Foreclosure problems prompt local and federal investigations
GMAC Mortgage is hardly the only lender governments at both the state and federal levels are looking into after allegations of sloppy paperwork and possible mortgage fraud involving major financial institutions.
These accusations have caught the attention of the Attorneys General in many states and in Washington. A senior white house adviser says it's a serious problem, but questions the need for a blanket halt to all foreclosures, which some are calling for.
Last Friday, Bank of America became the first bank to halt foreclosures in all fifty states. GMAC and three other lenders have suspended home seizures in the 23 states where courts oversee foreclosures.
California is not one of those states, there is no judicial review required here. Interestingly, most of the problems have occurred in the “judicial review” states.
The banks say there is little to no evidence that the foreclosures were improper, that the homeowners were in fact, behind on payments.

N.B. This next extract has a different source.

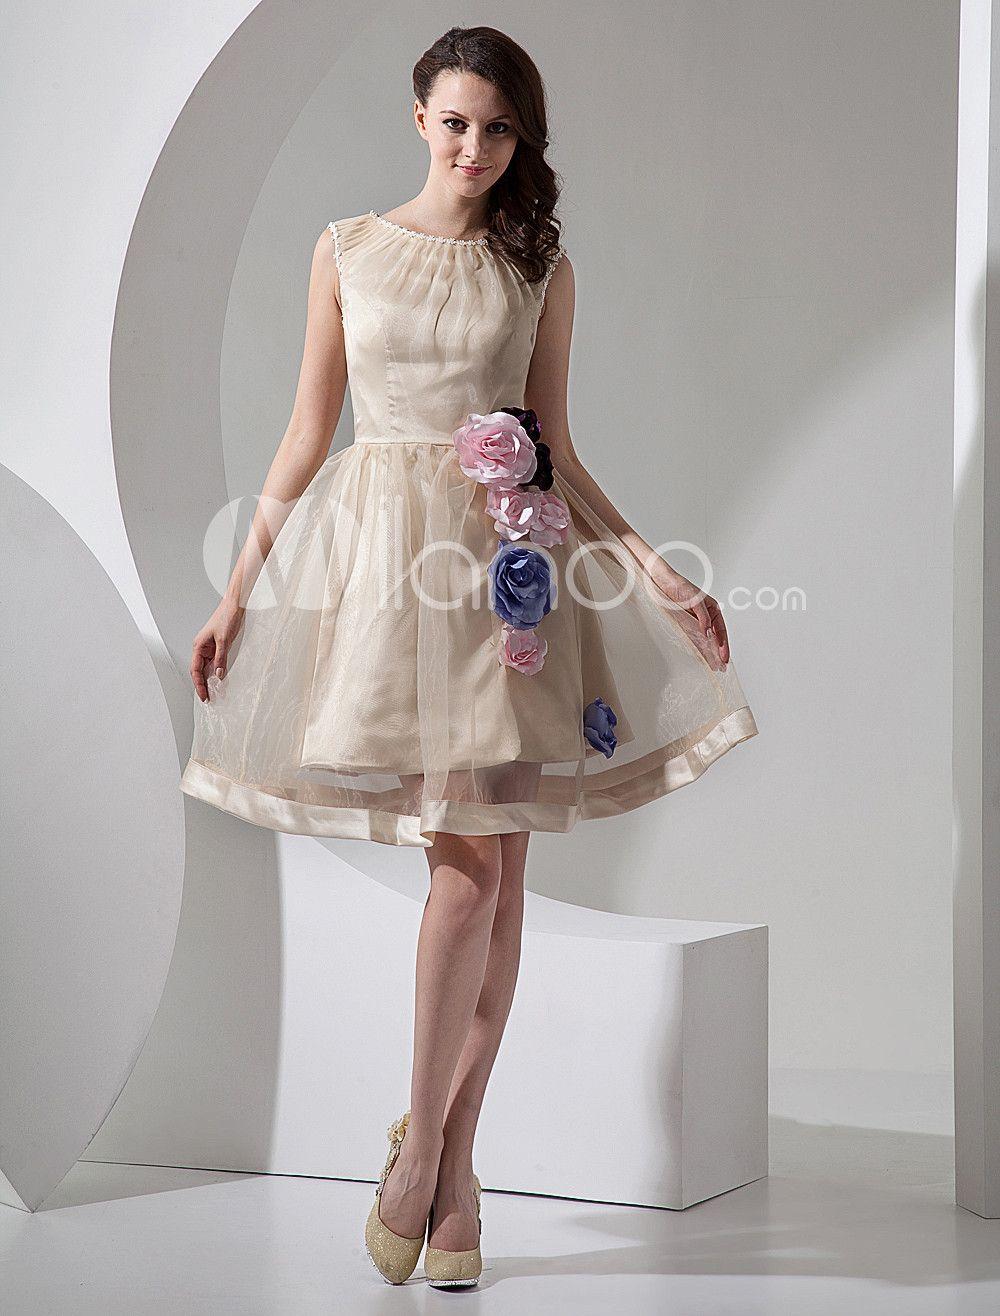 Mini wedding dresses  Champagne Aline Short Organza Mini Wedding Dress  Mini wedding

Assuming that's true, if the paperwork that was used to seize homes was flawed, is that just sloppiness or fraud?
Here is an example of the type of mess ups being reviewed, a Bank of America employee has acknowledged signing up to 8-thousand foreclosure documents without reading them, even though she previously claimed to judges that she had.
Soon, perhaps this week, the Attorneys General for a few states are expected to announce a joint investigation into the allegations.